By the end of the year, Pennington had lost 60 pounds, but it took her another 2 years to reach her goal weight of 155. To stay motivated, she began walking or running a 5-K almost every weekend. "When I ran my first 5-K, I felt like I'd conquered the world," says Pennington, who now frequently finishes local races in the top three of her age group. "Every time I get a medal, I hang it up to keep me inspired."
MY "TAKE IT OFF, LEAVE IT OFF" SECRETS
Banish grandiose goals. Aim to lose 5 pounds at a time, not 50 all at once. "Achieving small goals regularly inspires you to stick with it instead of becoming overwhelmed and throwing in the towel," she says.
Weatherproof your workouts. Invest in easy-to-store fitness items like DVDs, exercise bands, and hand weights: "You won't be able to make excuses when it's raining or you're too busy to make it to the gym."
Brown-bag it. "At work, I avoid eating calorie-heavy take-out food by cooking a little extra healthy fare—like grilled chicken or fish—at dinner and packing it for lunch the next day."
[header= We Turned to Prayer Instead of Food]
Catherine Zanoni
46, Brentwood, TN; bank loan officer
Catherine's Slim-Down Stats
Her success: Lost 78 pounds; has kept it off for 12 years
How she did it: Weigh Down Method
Height: 5'8"
Heaviest weight and size: 247 lb; size 14
Current weight and size: 137 lb; size 6
Aldith Diaz
52, Nashville; medical receptionist
Aldith's Slim-Down Stats
Her success: Lost 110 pounds; has kept it off for 9 1/2 years
How she did it: Weigh Down Method
Height: 5'2"
Heaviest weight and size: 198 lb; size 22
Current weight and size: 120 lb; size 4
WHAT PACKED ON THE POUNDS: Back-to-back babies. At times during each of her three pregnancies, from ages 21 to 27, Catherine Zanoni (pictured left) felt like she wasn't just eating for two—it was like she was eating for 12. "I ate with abandon," she says. "I'd eat a pint of Haagen-Dazs in one sitting." Zanoni gained about 60 pounds with each pregnancy, eventually tipping the scale at 247 pounds. A string of diets over the next 15 years still left her at 217.

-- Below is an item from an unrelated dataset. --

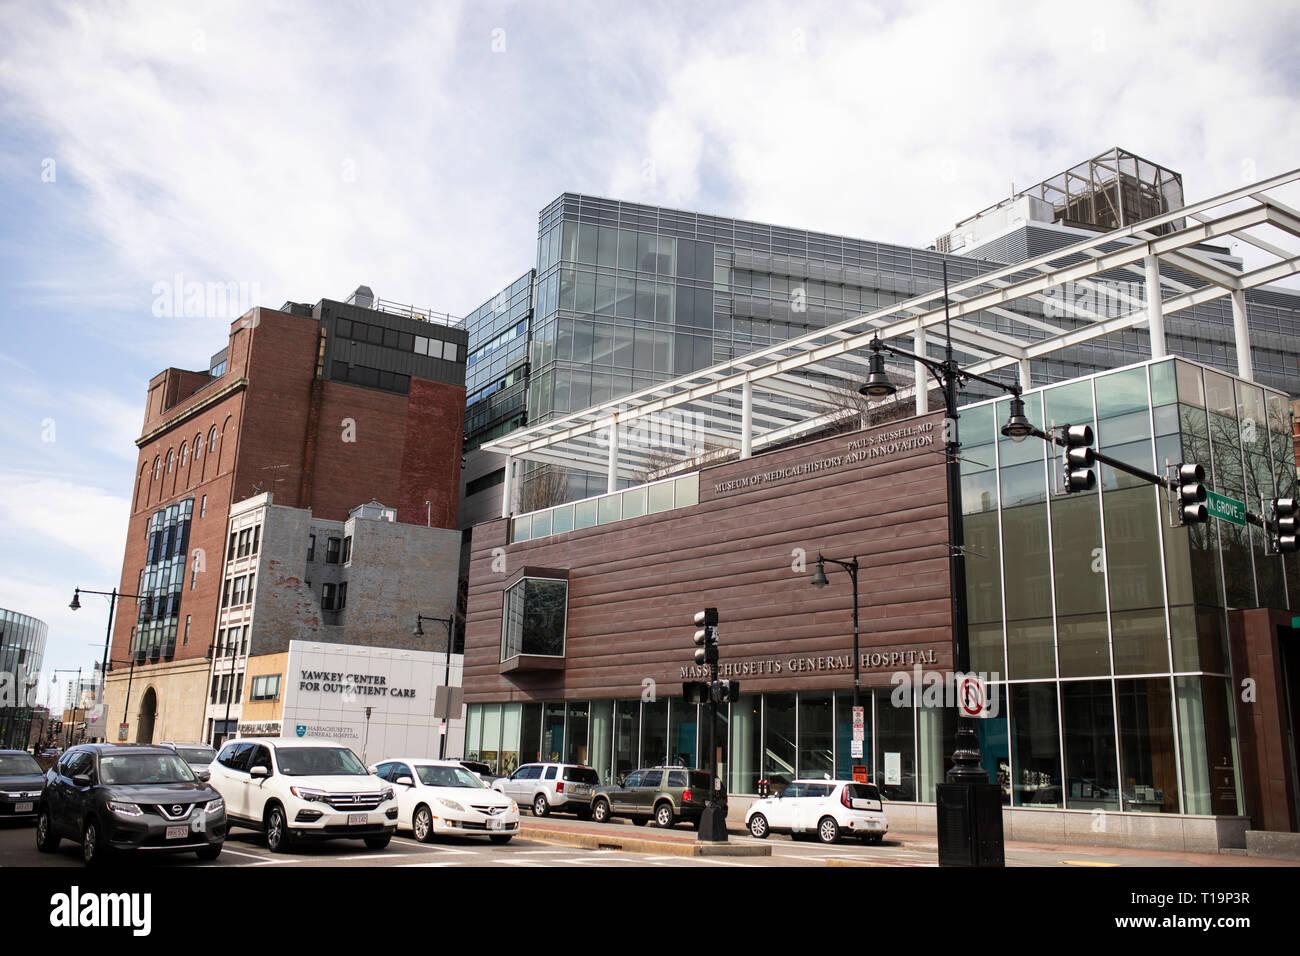 Massachusetts General Hospital building on Cambridge Street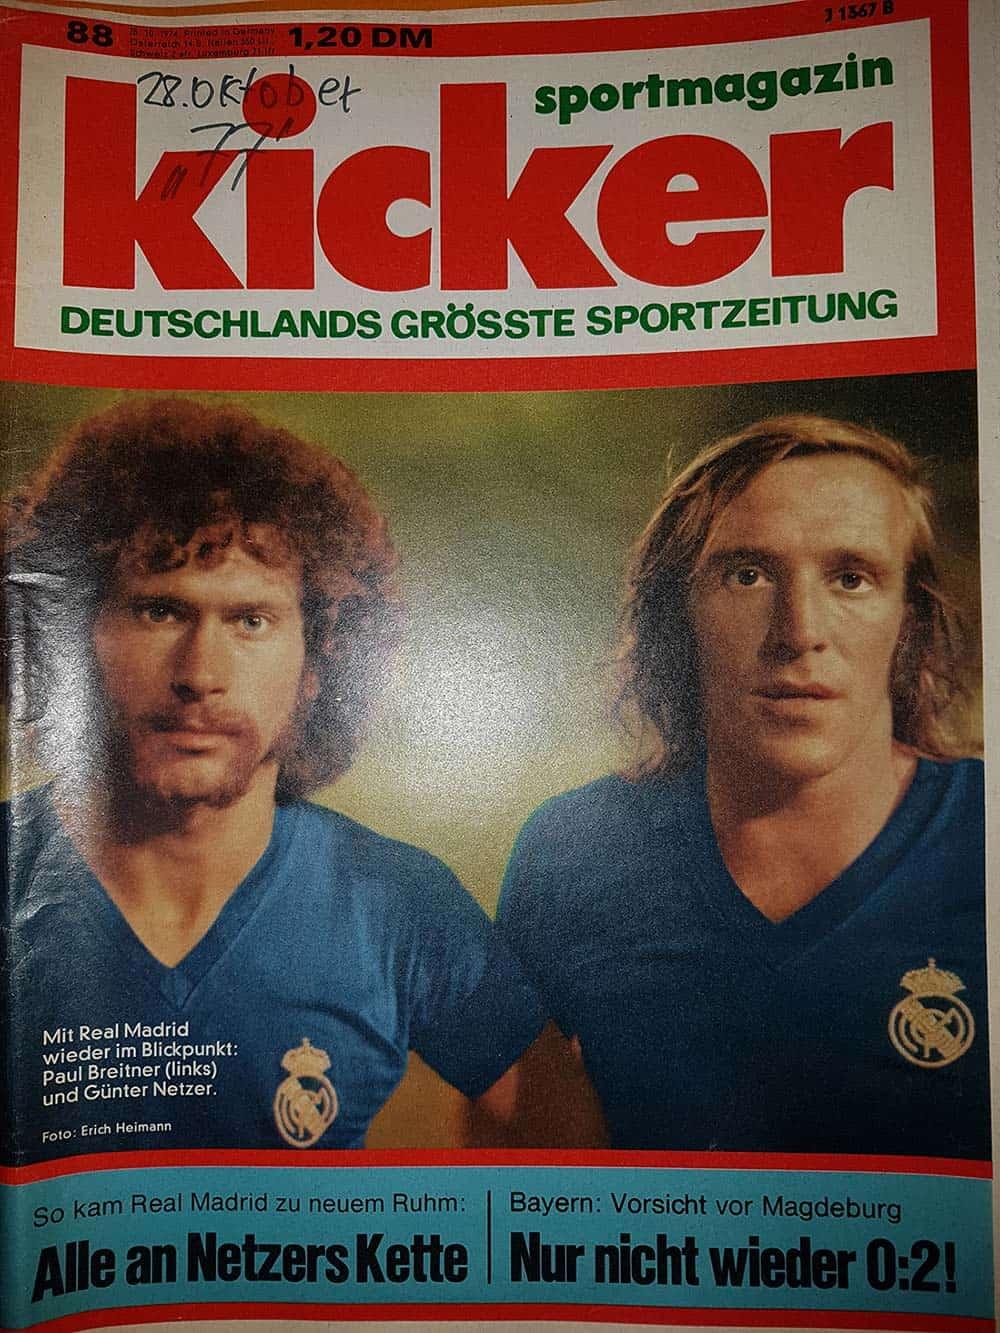 Sportmagazin Kicker Zeitung

Aldith Diaz, whose childhood chub earned her the nickname Butterball by age 5, can relate. Although she lost about 30 pounds when she married at age 26, she put the weight back on with each of her three pregnancies, weighing 198 pounds by age 34. "All I wanted to do was eat and sleep," she recalls.
OUR LOWEST MOMENT: Realizing we were too tired to live our own lives. "I couldn't believe that reflection in the mirror was me," Zanoni says. "I felt hopeless." Diaz remembers listening to her kids tear through the house while she lay on the couch, too tired to stop them. "It just took too much effort."
WHAT FINALLY WORKED FOR US: The Weigh Down Method. Both devout Christians, Zanoni and Diaz were drawn to the Weigh Down Method, which uses biblical teachings and a spiritual emphasis to help participants become more mindful about their eating habits, rather than approaching diets as a mathematical equation. One of the main goals: switching the focus from food to faith. "I used to deal with my stress by plowing through a pan of brownies," says Zanoni, who began strictly following the WDM in 2001 because it doesn't force a prescribed set of food rules or preach regular exercise. "Now, when I feel stressed, I pray instead," she says. Over the next 2 years, she lost 80 pounds and has kept the weight off for more than 9 years.
Diaz, who dropped 30 pounds on a 30-day juice fast in February 1998, knew she needed to find a more sustainable way to reach her goal weight and began the WDM a few weeks later. Within a year of following the principles, Diaz dropped 50 pounds. "I ate only when my stomach growled and stopped when I was satisfied," says Diaz.
OUR "TAKE IT OFF, LEAVE IT OFF" SECRETS
Take the work out of working out. "I haven't gone to the gym in ten years, and I don't miss it one bit!" says Zanoni. "I stay active by running after my grandkids."
Eat your favorite foods first. "It helps me eat less overall without eliminating my high-fat favorites like ice-cream sundaes and chips and guacamole," says Diaz.